Here are a few examples for the English language Wikipedia revision history dump.
- November 2010: TBD (running). 104GB bz2 compressed.
- May 2016: 14 371 294 447 992 bytes (14 TB) uncompressed.
- October 2018: 17 959 415 517 241 (18 TB) bytes uncompressed.
- April 2019: 18 880 938 139 465 bytes (19 TB) uncompressed. 937GB bz2 compressed. 157GB 7z compressed.
Wikidata is also large. In May 2019, 550GB bz2 compressed, 190GB 7z compressed. In March 2022, 1.4TB uncompressed.
At this point Wikidata is growing faster than English language Wikipedia.
The moral of this story: Download only what you need, and never uncompress into a file if you can avoid it (you don't have room anyway).
Downloading what you need
Types of files for download (see https://dumps.wikimedia.org/backup-index.html):
Metadata vs Content
- so-called stubs: these files do not contain any page or revision content. They only contain metadata (see Page metadata to get the idea).
- content files, i.e. pages-articles, meta-current, meta-history.
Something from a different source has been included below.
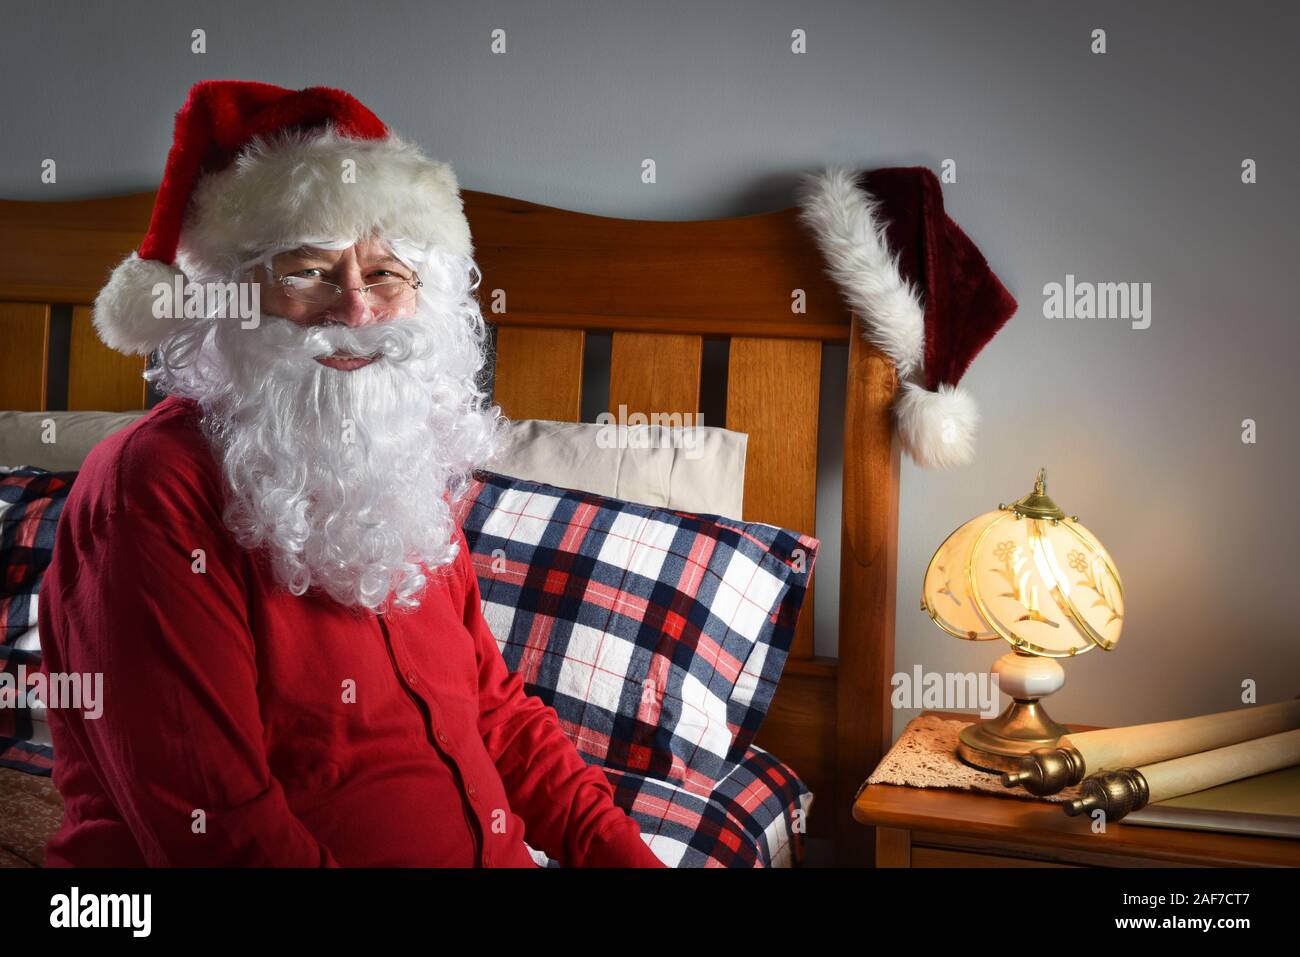 Gros plan du Père Noël portant un costume de l'Union européenne assise sur le bord de son lit au Pôle Nord, prêt à aller dormir après la livraison de colis sur Ch Banque D'Images

These files contain some metadata and raw revision content.
Articles vs Everything
- articles: these files contain everything in the main namespace (so all articles), the project namespace, the Help and MediaWiki namespaces, the Template and Module namespaces, the Category and File namespaces, and a couple others.
- meta: these files contain every page in every namespace, notably including all User pages and all Talk pages.
Current vs History
- articles, current: these files contain only the current revision of each page at the time of the dump
- history: these files contain every revision of the page dumped; this could be thousands of revisions in some cases.